How well employees are dealing with the sudden shift to remote working is highly dependent on context. Okta's research pointed to a number of respondents saying that they were unable to work well while having to share space and look after children, for example. In big cities like London, cramped flats and the lack of outdoor space can quickly make telecommuting claustrophobic and unproductive.
In addition, some workers find it harder to achieve a work-life balance when work and life happen in the same space. A separate study carried out by cloud-communications provider 8x8 showed that almost half of British employees were feeling more stressed than when in the office, and found it difficult to "unplug" as the boundary between office and home life blurs thanks to digital overload. A number of respondents (18%) even said that they are putting in longer hours since the move to telecommuting.
"We're all learning, and we will all get better," said Frederiksen. "We certainly have learnt a lot over the past eight weeks. Meetings need to be shorter, you have to allow for breaks, let people go for a walk. We need to structure work differently."

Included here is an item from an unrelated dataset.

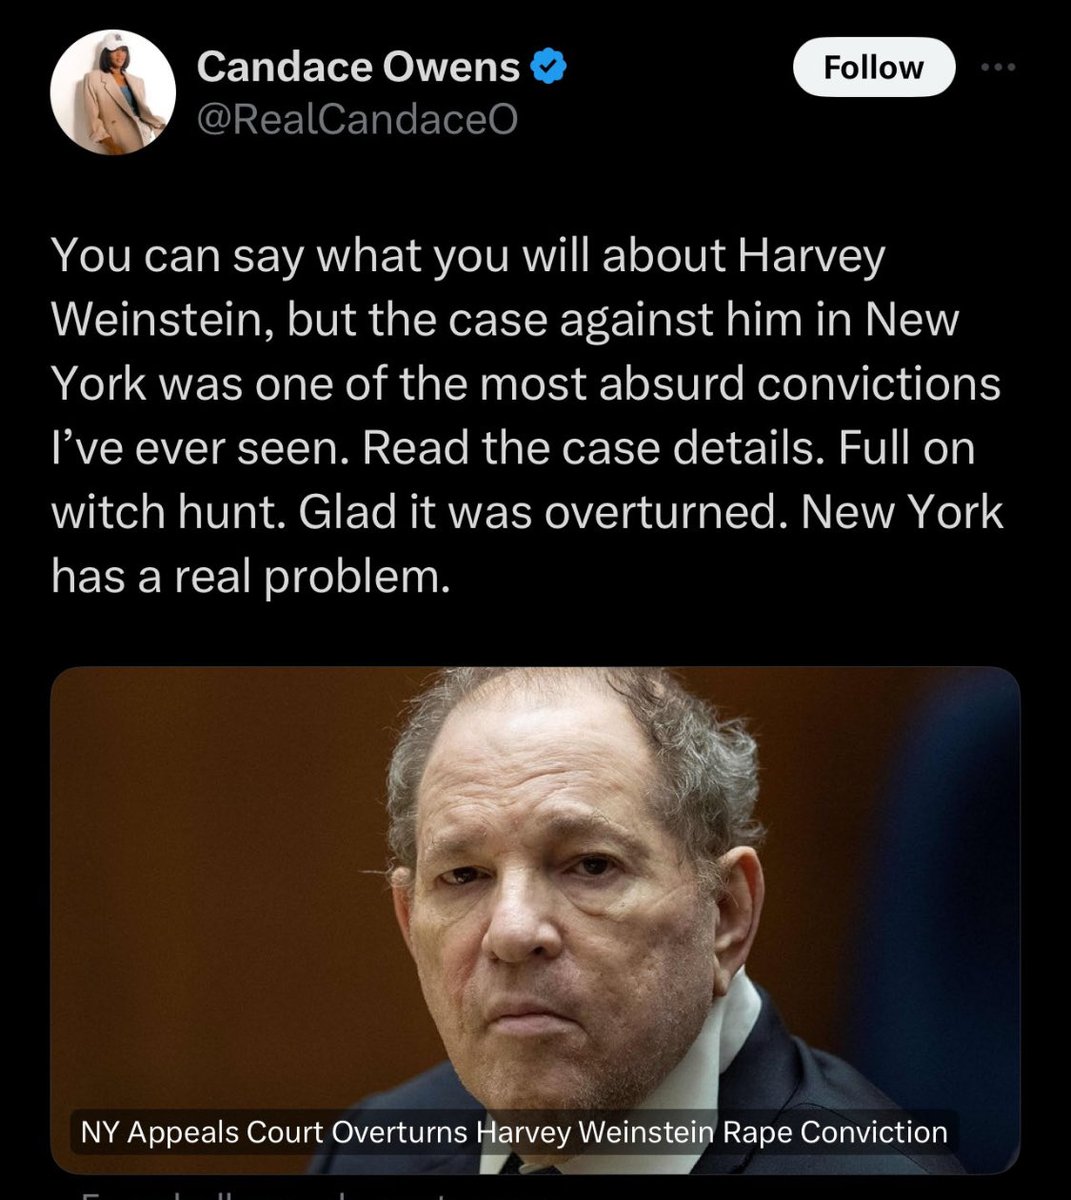 Now she’s defending Weinstein?

"But crucially, you have to have a tech set-up that means there is absolutely no difference between your productivity and access because of where you are," he continued.
In many ways, the difficulties that some workers have had to adjust to telecommuting is down to a lack of preparedness. Over half of UK employees had never worked from home before the pandemic hit, and some companies struggled to provide them with the appropriate tools to carry out their work efficiently.
For example, one in three respondents said that their business had not equipped them with the necessary hardware, such as a laptop or a place to put it, and a similar proportion reported that they couldn't access key software at the beginning of the pandemic, and therefore couldn't be productive from home.
The biggest hurdle, however, has been cultural. While the majority of workers say they are completely comfortable with virtual meetings, most of them also find that communication and collaboration with colleagues has been impacted since the lockdown. Almost 60% of UK workers surveyed by Okta miss having in-person conversations with their co-workers, for example.
While only a minority of employees want to return to the office full-time, an equally small proportion of staff would pick work that is entirely remote. Businesses will have to show flexibility to accommodate the different needs of their employees as workplaces start reopening.
For Okta's Frederiksen, the solution lies in a hybrid between remote and on-premise. He sees the office of the future as as a nice place to go, but for a good reason: you have a meeting, you need advice, and so on. It won't be a place you commute to every day.
Facebook recently told employees that most of them could continue to work from home until the end of the year – an example that has been followed by real-estate company Zillow and insurance provider Sagicor. Twitter's CEO, Jack Dorsey, has for his part already announced that the company's staff would be given the choice to stick with remote working permanently, even after offices are fully reopened.
According to Frederiksen, Okta has no plans to go back to the office "anytime soon". Although the company's building might open when the government gives businesses the green light, there will be no expectation that staff return. "The genie is out of the bottle," concluded Frederiksen. "It'll be very hard for organizations to re-impose a five-day-a-week commute. You can't undo this experiment."